In regard to feed conversion ratio (FCR), results showed the experimental diets were slightly more efficient than the control, but not to a significant degree. Variation between tanks was very low, indicating consistent performance. This is particularly noteworthy because it suggests S. rivoliana can assimilate these terrestrial proteins and fats just as efficiently as their marine-sourced counterparts. It also suggests that if consumption of the experimental diets was the same as the Control, then there would have been no difference in growth rates.

kampachi
Fig. 2: FCR data for the Control, PMnoFO and PM+FO diets by month and cumulative.

Perspectives

This experiment was the final in a series of grow-out trials that has yielded a fishmeal and fish oil-free feed for Seriola that is cost-effective, and which demonstrates competitive growth rates and comparable FCRs. In a blind taste test between fish from the Control diet and the PMnoFO treatment, 62 percent of the participants preferred the fish fed the PMnoFO, while 19 percent preferred the Control, and 19 percent could not tell the difference between the two. This consumer feedback is a promising indicator that the flavor profile of the fish grown with zero fishmeal or fish oil is indiscernible, or possibly even preferred to that of the fish grown on a standard commercial diet high in fishmeal and fish oil.

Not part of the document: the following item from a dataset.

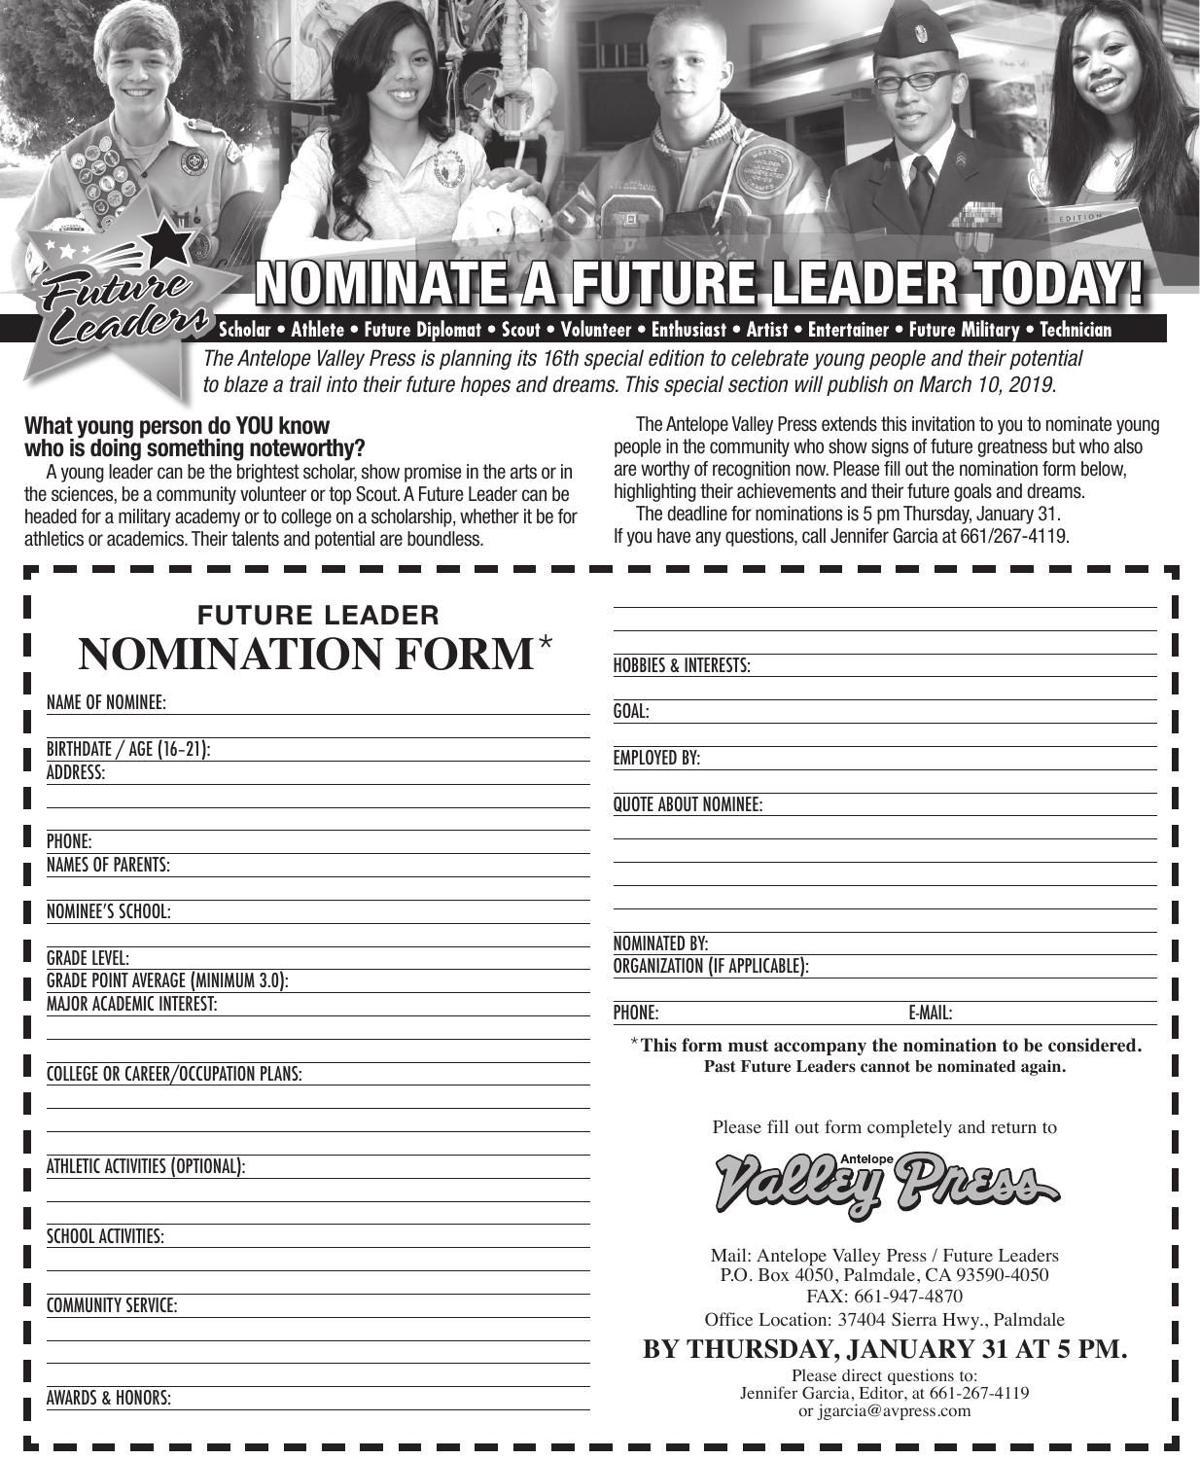 Future Leaders nomination form

The PFG poultry meal used in these diets costs 57 percent less than the current price of fishmeal at the time of this publication. U.S. poultry produced over 26 million metric tons (MT) live weight in 2019, yielding 19 million MT of edible product. Processing by-products could therefore easily supplant the approximately 0.5 million MT of fishmeal used globally in marine fish aquaculture (IFFO 2018). The canola, flax and Veramaris™ algae oil blend used here provides a matching DHA and omega-3:omega-6 ratio to fish oil. As the Veramaris™ production achieves economies of scale, such blends will price less than fish oil. Replacing wild-caught fishmeal and fish oil is now as much an economically prudent decision as it is an environmental imperative.

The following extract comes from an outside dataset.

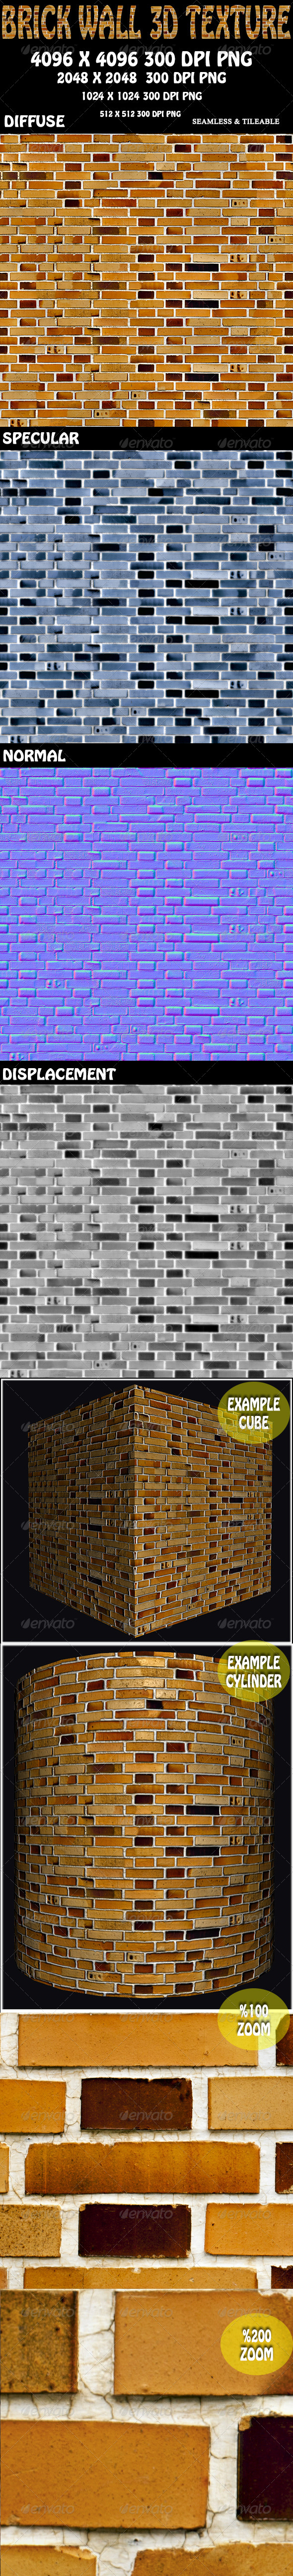 3DOcean Brick Wall 3D Texture 8131728

Ocean Era and other researchers have previously shown successful performance of marine fish on fishmeal free diets, but these examples were usually cost-prohibitive for commercial scaling. This is therefore the first instance of a fishmeal and fish oil-free diet being cost-effective, and still fulfilling the FCR requirements for commercial producers. Full grow-out has yet to be demonstrated, but this three-trial series has shown repeated success of the base formulation on kampachi from various cohorts at a range of sizes.

The fishmeal free diet (PM+FO) and the fishmeal and fish oil-free formulation (PMnoFO) tested here are ready for incorporation into commercial grow-out operations. Ideally, these formulations will be adapted to other marine fish diets. Our results demonstrate potential for a drastically reduced footprint for carnivorous finfish production, and this need not be limited to Seriola but could be extended to – and evaluated for – various other commercially important species of finfish.

To allow further development, all trial results and diet formulations are open source. They can be viewed at the F3 Feed Innovation Network website.

References available from corresponding author.